Your search for neighbors is best done using a KDTree.
from scipy.spatial import cKDTree
tree = cKDTree(points)
pairs = tree.query_pairs(coorRadius)
Now pairs is a set of two item tuples (i, j), where i < j and points[i] and points[j] are within coorRadius of each other. You can now simply iterate over these, which will likely be a much smaller set than the len(points)**2 you are currently iterating over:
is_maximum = [True] * len(points)
for i, j in pairs:
if points[i][2] < points[j][2]:
is_maximum[i] = False
elif points[j][2] < points[i][2]:
is_maximum[j] = False
localCoordinateMaxima, = np.nonzero(is_maximum)
This can be further sped up by vectorizing it:
pairs = np.array(list(pairs))
pairs = np.vstack((pairs, pairs[:, ::-1]))
pairs = pairs[np.argsort(pairs[:, 0])]
is_z_smaller = points[pairs[:, 0], 2] < points[pairs[:, 1], 2]
bins, = np.nonzero(pairs[:-1, 0] != pairs[1:, 0])
bins = np.concatenate(([0], bins+1))
is_maximum = np.logical_and.reduceat(is_z_smaller, bins)
localCoordinateMaxima, = np.nonzero(is_maximum)
The above code assumes that every point has at least one neighbor within coorRadius. If that is not the case, you need to slightly complicate things:
pairs = np.array(list(pairs))
pairs = np.vstack((pairs, pairs[:, ::-1]))
pairs = pairs[np.argsort(pairs[:, 0])]
is_z_smaller = points[pairs[:, 0], 2] < points[pairs[:, 1], 2]

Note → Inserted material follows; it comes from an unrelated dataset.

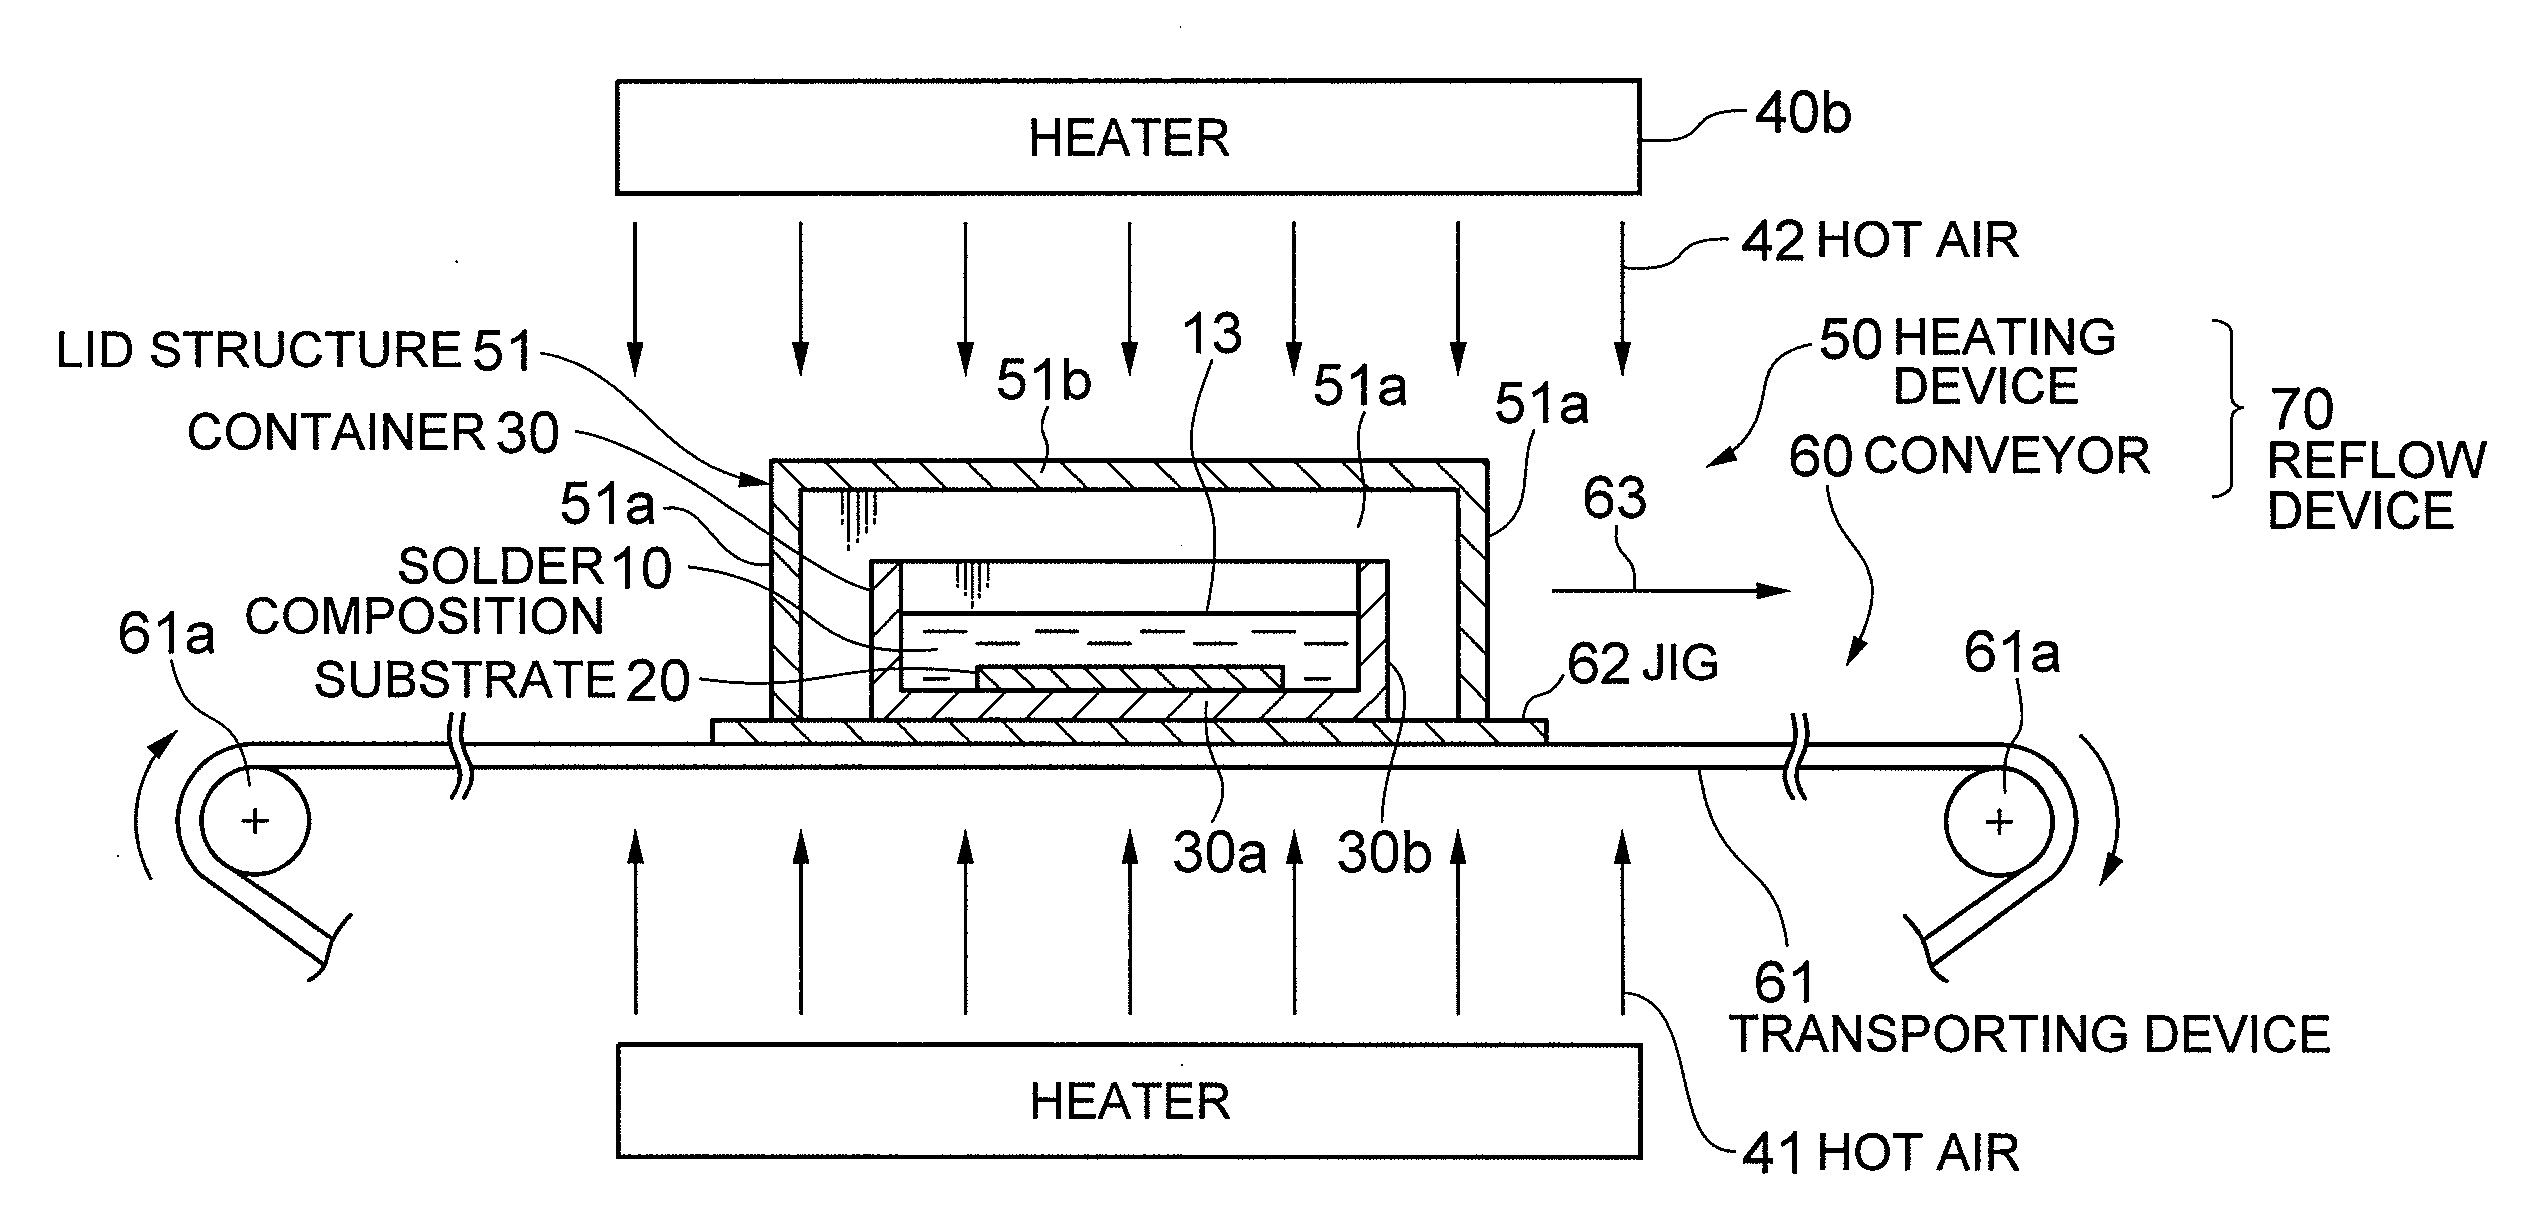 Heating device, reflow device, heating method, and bump forming method

bins, = np.nonzero(pairs[:-1, 0] != pairs[1:, 0])
has_neighbors = pairs[np.concatenate(([True], bins)), 0]
bins = np.concatenate(([0], bins+1))
is_maximum = np.ones((len(points),), bool)
is_maximum[has_neighbors] &= np.logical_and.reduceat(is_z_smaller, bins)
localCoordinateMaxima, = np.nonzero(is_maximum)
Here is the version of your code just tightened-up a bit:
for i, x in enumerate(points):
x2 = x[2]
for y in points:
if linalg.norm(x-y) <= coorRadius and x2 < y[2]:
break
else:
localCoordinateMaxima.append(i)
print localCoordinateMaxima
Changes:
Factor-out the x[2] lookup.
The j variable was unused.
Add a break for an early-out
Use a for-else construct instead of a flag variable
With numpy this is not too hard. You can do it with a single (long) expression, if you want:
import numpy as np
points = np.array(points)
localCoordinateMaxima = np.where(np.all((np.linalg.norm(points-points[None,:], axis=-1) >
coorRadius) |
(points[:,2] >= points[:,None,2]),
axis=-1))
The algorithm your current code implements is essentially where(not(any(w <= x and y < z))). If you distribute the not through the logical operations inside of it (using Demorgan's laws), you can avoid one level of nesting by flipping the inequalities, getting where(all(w > x or y >= z))).
w is a matrix of norms applied to the differences of the points broadcast together. x is a constant. y and z are both arrays with the third coordinates of the points, shaped so that they broadcast together into the same shape as w.